* * *

Author Topic: Component for stripping HTML?  (Read 546 times)

HatForCat

  • Sr. Member
  • ****
  • Posts: 260
Component for stripping HTML?
« on: April 21, 2017, 06:07:06 pm »
Subject says it all.

I just need to strip all the HTML from incoming data. Mostly incoming data it is all in plain text, but sometimes I get an HTML page. I have no control over what is coming in, so I'd just like to strip out all the HTML and just see the text parts.

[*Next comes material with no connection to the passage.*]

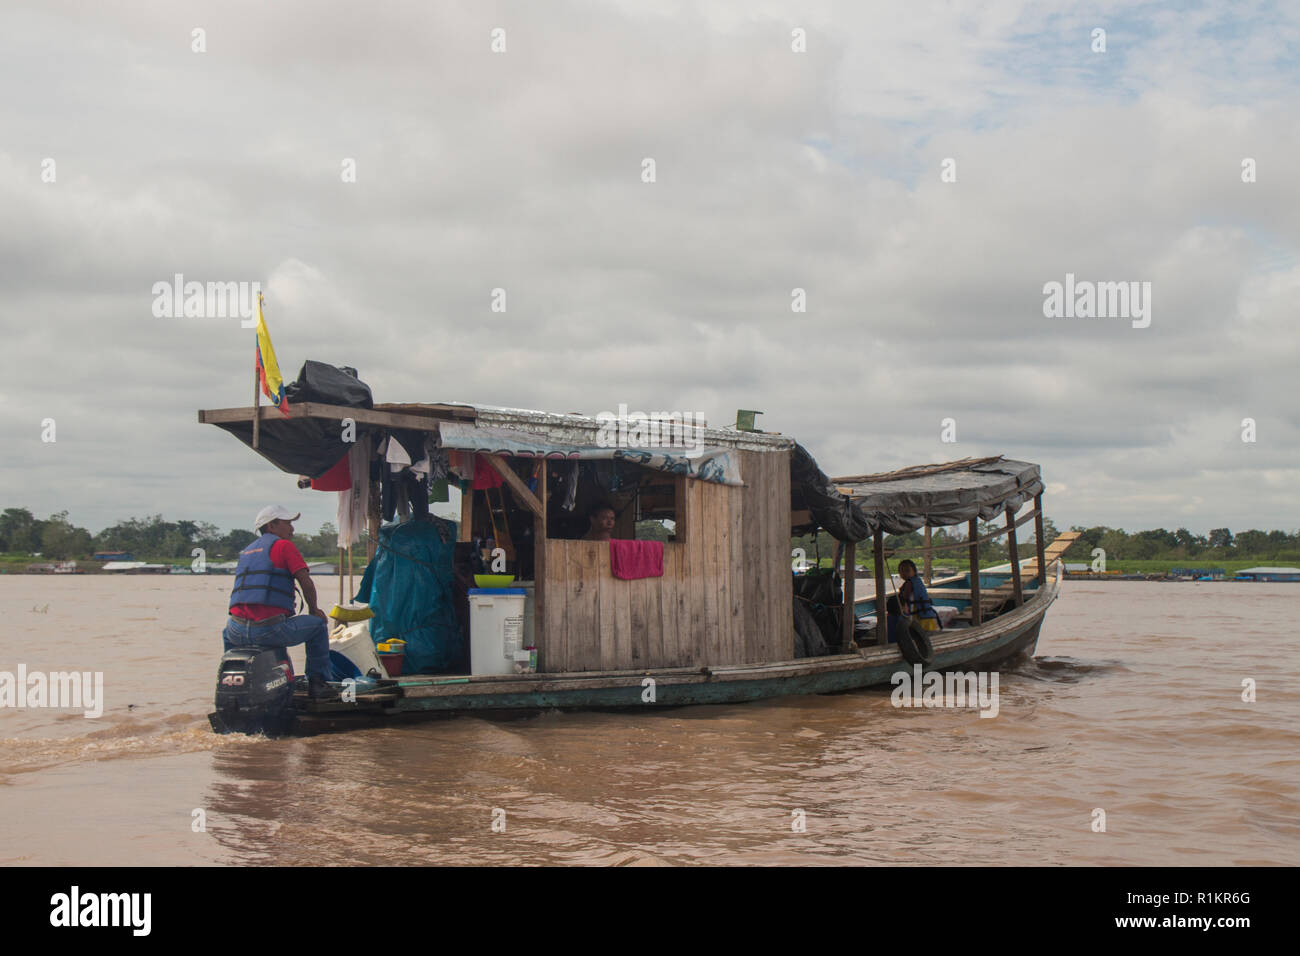 Leticia, Amazon river, Colombia - 10/12/2015, house boat cruising down the Amazon river near the town of Leticia Stock Photo

Short of including the "HtmlViewer-11.7" from GitHub, I have not yet found anything. I installed that HtmlViewer but it is too complicated for my simple needs. I do not want to spend a few days figuring it out just so I can strip out the HTML. :)

Helpful thoughts?

Thanks

Acer-i5, 2.6GHz, 6GB, 256-SSD, Ubuntu 14.04-LTS, Unity Desktop, Lazarus 1.6.2, SQLite3 -- Retired: Programming for my own use for Ubuntu.

Bart

  • Hero Member
  • *****
  • Posts: 2654
    • Bart en Mariska's Webstek
Re: Component for stripping HTML?
« Reply #1 on: April 21, 2017, 06:12:57 pm »
Simple approach: accept data until '<', drop data until '>'. Repeat until end of data.
You'll end up with plain text.

You could also use fasthtmlparser (it comes with fpc) to parse the text and use OnTag and OnText events to filter at will.

Bart

wp

  • Hero Member
  • *****
  • Posts: 3444
Re: Component for stripping HTML?
« Reply #2 on: April 21, 2017, 06:13:44 pm »
The fasthtmlparser from fpc packages\chm\src will do the job. Write a handler for its OnFoundText which fires whenever a text node is found within the html tree.

I once posted sample code for your task here, use the forum search
Lazarus trunk / fpc 3.0.0 / Win32

HatForCat

  • Sr. Member
  • ****
  • Posts: 260
Re: Component for stripping HTML?
« Reply #3 on: April 22, 2017, 12:23:58 am »
Thanks, but I am also getting some other stuff in some of HTML data. It is showing C++ style Remarks etc. Probably F# or worse.

I have had to mess with the HtmlViewer from GitHub.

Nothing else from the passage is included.